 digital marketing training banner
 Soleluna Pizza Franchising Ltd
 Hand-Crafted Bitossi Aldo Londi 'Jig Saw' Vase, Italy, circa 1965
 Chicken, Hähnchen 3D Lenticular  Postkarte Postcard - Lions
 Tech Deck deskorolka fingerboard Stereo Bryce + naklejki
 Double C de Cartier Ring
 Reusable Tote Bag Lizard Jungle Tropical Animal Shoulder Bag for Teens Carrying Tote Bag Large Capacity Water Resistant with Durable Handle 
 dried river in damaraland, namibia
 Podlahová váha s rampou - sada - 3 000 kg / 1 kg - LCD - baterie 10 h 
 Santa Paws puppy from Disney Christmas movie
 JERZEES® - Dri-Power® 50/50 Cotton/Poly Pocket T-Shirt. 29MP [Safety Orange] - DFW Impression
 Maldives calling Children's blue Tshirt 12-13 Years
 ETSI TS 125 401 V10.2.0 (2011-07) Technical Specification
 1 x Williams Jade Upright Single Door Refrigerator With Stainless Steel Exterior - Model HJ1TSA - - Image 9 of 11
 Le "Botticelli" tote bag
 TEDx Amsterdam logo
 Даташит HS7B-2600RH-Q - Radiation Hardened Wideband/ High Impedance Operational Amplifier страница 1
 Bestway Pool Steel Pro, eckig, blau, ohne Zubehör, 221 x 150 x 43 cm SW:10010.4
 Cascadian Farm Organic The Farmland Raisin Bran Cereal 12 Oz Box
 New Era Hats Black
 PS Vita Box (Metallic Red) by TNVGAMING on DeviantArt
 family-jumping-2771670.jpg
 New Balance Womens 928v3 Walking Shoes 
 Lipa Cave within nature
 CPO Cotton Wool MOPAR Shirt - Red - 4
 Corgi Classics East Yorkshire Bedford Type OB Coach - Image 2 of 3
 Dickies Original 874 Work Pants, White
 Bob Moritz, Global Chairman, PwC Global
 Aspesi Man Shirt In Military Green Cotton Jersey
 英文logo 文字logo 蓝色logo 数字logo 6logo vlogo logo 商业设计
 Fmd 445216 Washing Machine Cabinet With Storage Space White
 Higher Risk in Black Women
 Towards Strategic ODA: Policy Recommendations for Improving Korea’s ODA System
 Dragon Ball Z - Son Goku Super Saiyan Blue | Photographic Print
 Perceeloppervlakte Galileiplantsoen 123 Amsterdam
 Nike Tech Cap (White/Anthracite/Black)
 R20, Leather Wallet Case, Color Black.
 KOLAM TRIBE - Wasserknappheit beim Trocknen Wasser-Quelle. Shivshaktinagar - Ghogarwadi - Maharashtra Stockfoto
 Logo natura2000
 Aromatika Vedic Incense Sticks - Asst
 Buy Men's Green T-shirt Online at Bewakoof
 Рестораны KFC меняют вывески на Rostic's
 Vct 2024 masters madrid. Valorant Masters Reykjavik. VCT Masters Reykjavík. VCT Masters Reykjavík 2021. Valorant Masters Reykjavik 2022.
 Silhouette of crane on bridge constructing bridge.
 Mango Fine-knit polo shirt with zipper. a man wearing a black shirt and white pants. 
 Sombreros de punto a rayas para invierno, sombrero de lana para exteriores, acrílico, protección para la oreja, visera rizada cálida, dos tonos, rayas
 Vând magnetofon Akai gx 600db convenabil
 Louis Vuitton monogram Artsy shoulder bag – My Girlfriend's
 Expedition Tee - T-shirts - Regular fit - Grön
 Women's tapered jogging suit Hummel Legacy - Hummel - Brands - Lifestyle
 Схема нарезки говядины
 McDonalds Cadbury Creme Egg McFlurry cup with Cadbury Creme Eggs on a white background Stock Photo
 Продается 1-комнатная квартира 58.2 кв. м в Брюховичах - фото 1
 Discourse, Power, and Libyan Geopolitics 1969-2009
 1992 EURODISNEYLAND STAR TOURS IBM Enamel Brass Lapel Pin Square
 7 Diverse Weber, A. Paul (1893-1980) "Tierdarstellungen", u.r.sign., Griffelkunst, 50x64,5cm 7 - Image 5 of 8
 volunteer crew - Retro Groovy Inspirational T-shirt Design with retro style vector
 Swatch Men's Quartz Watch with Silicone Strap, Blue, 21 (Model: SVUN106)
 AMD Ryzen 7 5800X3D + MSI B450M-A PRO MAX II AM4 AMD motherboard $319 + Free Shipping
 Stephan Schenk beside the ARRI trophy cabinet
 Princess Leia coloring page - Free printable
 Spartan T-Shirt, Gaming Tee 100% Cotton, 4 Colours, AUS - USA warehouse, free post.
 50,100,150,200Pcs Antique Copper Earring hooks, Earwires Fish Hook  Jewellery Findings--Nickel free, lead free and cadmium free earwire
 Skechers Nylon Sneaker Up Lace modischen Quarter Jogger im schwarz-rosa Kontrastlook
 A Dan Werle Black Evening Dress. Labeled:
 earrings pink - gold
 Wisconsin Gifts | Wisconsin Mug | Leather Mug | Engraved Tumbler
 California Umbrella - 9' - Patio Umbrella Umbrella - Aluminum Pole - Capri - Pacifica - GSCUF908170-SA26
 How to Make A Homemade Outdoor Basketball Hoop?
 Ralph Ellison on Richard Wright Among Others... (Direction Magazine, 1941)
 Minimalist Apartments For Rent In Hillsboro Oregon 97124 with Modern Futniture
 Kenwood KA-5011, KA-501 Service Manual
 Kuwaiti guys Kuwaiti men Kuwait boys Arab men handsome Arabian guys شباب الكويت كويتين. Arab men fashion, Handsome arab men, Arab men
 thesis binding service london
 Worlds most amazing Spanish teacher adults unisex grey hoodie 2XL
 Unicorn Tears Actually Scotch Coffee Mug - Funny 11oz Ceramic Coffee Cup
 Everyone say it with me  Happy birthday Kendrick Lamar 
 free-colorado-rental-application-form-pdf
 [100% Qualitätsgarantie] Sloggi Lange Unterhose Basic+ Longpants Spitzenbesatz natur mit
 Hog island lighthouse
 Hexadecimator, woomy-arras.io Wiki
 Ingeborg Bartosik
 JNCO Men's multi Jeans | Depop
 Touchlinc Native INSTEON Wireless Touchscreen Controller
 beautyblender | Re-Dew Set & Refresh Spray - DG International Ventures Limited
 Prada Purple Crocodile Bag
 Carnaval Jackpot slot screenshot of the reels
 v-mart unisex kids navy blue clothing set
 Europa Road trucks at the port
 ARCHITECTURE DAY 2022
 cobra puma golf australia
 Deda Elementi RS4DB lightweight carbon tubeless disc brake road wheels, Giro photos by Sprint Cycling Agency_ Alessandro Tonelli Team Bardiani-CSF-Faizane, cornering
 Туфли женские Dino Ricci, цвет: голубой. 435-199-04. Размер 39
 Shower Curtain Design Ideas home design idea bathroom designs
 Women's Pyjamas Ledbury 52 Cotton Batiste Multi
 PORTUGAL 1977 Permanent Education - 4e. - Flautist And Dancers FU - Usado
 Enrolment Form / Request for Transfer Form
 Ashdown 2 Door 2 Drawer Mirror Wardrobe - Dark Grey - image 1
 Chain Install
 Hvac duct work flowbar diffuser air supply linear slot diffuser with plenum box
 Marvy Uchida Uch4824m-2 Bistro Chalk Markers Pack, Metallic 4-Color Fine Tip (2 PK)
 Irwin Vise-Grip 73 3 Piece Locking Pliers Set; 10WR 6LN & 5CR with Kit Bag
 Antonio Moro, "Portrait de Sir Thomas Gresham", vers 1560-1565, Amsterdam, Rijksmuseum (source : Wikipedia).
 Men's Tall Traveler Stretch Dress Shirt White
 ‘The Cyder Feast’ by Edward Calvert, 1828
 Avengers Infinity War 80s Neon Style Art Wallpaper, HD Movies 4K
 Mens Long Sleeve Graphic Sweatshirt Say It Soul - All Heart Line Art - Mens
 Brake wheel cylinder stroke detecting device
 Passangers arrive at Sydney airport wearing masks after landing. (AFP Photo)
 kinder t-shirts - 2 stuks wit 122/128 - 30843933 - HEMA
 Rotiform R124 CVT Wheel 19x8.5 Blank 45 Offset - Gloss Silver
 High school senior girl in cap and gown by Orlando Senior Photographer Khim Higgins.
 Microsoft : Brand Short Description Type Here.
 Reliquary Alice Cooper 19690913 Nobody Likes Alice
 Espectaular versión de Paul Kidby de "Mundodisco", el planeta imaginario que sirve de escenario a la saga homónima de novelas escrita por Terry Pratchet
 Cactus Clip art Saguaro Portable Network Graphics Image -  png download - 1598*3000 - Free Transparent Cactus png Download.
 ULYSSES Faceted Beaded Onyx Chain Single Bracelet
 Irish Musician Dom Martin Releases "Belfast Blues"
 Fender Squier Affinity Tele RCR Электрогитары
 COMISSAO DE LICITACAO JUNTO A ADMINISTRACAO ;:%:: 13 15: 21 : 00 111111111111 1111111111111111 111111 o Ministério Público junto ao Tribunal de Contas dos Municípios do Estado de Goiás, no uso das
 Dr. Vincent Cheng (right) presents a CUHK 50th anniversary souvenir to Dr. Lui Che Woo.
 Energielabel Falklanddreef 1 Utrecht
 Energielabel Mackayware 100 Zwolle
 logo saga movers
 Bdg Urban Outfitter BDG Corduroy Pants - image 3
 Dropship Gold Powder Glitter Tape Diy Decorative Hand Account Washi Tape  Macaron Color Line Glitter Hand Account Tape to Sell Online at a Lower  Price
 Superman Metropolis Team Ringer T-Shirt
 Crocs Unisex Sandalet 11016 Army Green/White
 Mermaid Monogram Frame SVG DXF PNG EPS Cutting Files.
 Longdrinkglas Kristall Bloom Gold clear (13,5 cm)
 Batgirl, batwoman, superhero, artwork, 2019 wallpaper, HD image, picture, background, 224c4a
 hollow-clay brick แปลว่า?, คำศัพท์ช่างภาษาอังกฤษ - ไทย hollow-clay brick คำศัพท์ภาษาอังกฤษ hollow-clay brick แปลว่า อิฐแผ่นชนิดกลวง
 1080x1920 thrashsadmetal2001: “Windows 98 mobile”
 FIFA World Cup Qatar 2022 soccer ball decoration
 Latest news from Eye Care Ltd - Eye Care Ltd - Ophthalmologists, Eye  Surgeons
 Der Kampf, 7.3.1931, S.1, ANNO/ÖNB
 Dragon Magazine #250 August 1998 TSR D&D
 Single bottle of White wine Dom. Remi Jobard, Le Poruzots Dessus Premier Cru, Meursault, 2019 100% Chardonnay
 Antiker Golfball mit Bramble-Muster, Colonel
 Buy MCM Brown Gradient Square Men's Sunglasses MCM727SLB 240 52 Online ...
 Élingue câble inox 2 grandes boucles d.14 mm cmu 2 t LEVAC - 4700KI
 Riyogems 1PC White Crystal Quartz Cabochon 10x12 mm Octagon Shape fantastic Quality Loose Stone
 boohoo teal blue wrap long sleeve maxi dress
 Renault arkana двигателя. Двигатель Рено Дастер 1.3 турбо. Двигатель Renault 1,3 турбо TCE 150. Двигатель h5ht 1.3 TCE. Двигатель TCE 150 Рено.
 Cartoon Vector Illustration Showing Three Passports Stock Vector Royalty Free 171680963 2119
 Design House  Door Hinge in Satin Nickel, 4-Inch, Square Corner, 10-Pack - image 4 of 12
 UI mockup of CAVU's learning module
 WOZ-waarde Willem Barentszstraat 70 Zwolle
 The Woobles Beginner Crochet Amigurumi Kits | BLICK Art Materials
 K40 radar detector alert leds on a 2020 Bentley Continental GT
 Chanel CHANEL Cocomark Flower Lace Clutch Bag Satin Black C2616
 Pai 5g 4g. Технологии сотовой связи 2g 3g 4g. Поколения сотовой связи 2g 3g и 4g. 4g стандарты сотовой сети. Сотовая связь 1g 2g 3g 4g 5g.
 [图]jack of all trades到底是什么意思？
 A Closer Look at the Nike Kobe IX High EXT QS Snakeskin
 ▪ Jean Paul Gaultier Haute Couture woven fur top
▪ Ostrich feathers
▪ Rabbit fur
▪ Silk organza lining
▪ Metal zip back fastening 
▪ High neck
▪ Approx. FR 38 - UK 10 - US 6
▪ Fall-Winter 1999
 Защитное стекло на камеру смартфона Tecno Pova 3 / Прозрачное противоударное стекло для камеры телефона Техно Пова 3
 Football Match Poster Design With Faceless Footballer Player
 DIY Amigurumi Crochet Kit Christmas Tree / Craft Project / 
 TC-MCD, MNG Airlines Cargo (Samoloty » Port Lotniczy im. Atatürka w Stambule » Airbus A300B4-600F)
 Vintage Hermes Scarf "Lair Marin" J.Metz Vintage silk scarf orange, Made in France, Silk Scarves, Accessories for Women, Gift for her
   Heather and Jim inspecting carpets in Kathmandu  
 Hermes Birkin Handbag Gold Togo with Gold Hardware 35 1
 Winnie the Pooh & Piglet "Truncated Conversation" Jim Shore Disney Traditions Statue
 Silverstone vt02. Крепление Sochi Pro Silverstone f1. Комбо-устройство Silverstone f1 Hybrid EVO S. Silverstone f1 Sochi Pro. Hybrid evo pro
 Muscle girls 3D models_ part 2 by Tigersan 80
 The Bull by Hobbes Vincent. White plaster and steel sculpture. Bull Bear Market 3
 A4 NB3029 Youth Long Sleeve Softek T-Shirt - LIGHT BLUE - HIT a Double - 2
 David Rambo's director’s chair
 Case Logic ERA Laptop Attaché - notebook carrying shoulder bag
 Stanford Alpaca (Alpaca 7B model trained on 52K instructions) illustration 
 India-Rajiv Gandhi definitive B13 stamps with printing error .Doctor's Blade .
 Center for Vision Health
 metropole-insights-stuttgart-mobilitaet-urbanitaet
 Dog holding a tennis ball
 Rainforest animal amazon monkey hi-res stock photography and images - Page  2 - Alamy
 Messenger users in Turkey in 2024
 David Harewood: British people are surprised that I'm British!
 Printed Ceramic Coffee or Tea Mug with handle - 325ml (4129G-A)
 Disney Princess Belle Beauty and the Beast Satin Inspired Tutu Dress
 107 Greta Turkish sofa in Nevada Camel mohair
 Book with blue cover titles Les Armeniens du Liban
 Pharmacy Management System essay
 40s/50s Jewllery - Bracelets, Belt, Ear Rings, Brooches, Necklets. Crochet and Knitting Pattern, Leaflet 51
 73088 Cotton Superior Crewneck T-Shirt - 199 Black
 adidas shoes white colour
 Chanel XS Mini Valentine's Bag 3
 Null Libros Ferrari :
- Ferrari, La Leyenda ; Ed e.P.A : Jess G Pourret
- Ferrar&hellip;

* * * * *

**Assignment:** Of the lines above, output exactly those from the line bearing "Dragon Magazine #250 August 1998 TSR D&D" through the line bearing "TC-MCD, MNG Airlines", inclusive.

**Solution to this exercise:**
 Dragon Magazine #250 August 1998 TSR D&D
 Single bottle of White wine Dom. Remi Jobard, Le Poruzots Dessus Premier Cru, Meursault, 2019 100% Chardonnay
 Antiker Golfball mit Bramble-Muster, Colonel
 Buy MCM Brown Gradient Square Men's Sunglasses MCM727SLB 240 52 Online ...
 Élingue câble inox 2 grandes boucles d.14 mm cmu 2 t LEVAC - 4700KI
 Riyogems 1PC White Crystal Quartz Cabochon 10x12 mm Octagon Shape fantastic Quality Loose Stone
 boohoo teal blue wrap long sleeve maxi dress
 Renault arkana двигателя. Двигатель Рено Дастер 1.3 турбо. Двигатель Renault 1,3 турбо TCE 150. Двигатель h5ht 1.3 TCE. Двигатель TCE 150 Рено.
 Cartoon Vector Illustration Showing Three Passports Stock Vector Royalty Free 171680963 2119
 Design House  Door Hinge in Satin Nickel, 4-Inch, Square Corner, 10-Pack - image 4 of 12
 UI mockup of CAVU's learning module
 WOZ-waarde Willem Barentszstraat 70 Zwolle
 The Woobles Beginner Crochet Amigurumi Kits | BLICK Art Materials
 K40 radar detector alert leds on a 2020 Bentley Continental GT
 Chanel CHANEL Cocomark Flower Lace Clutch Bag Satin Black C2616
 Pai 5g 4g. Технологии сотовой связи 2g 3g 4g. Поколения сотовой связи 2g 3g и 4g. 4g стандарты сотовой сети. Сотовая связь 1g 2g 3g 4g 5g.
 [图]jack of all trades到底是什么意思？
 A Closer Look at the Nike Kobe IX High EXT QS Snakeskin
 ▪ Jean Paul Gaultier Haute Couture woven fur top
▪ Ostrich feathers
▪ Rabbit fur
▪ Silk organza lining
▪ Metal zip back fastening 
▪ High neck
▪ Approx. FR 38 - UK 10 - US 6
▪ Fall-Winter 1999
 Защитное стекло на камеру смартфона Tecno Pova 3 / Прозрачное противоударное стекло для камеры телефона Техно Пова 3
 Football Match Poster Design With Faceless Footballer Player
 DIY Amigurumi Crochet Kit Christmas Tree / Craft Project / 
 TC-MCD, MNG Airlines Cargo (Samoloty » Port Lotniczy im. Atatürka w Stambule » Airbus A300B4-600F)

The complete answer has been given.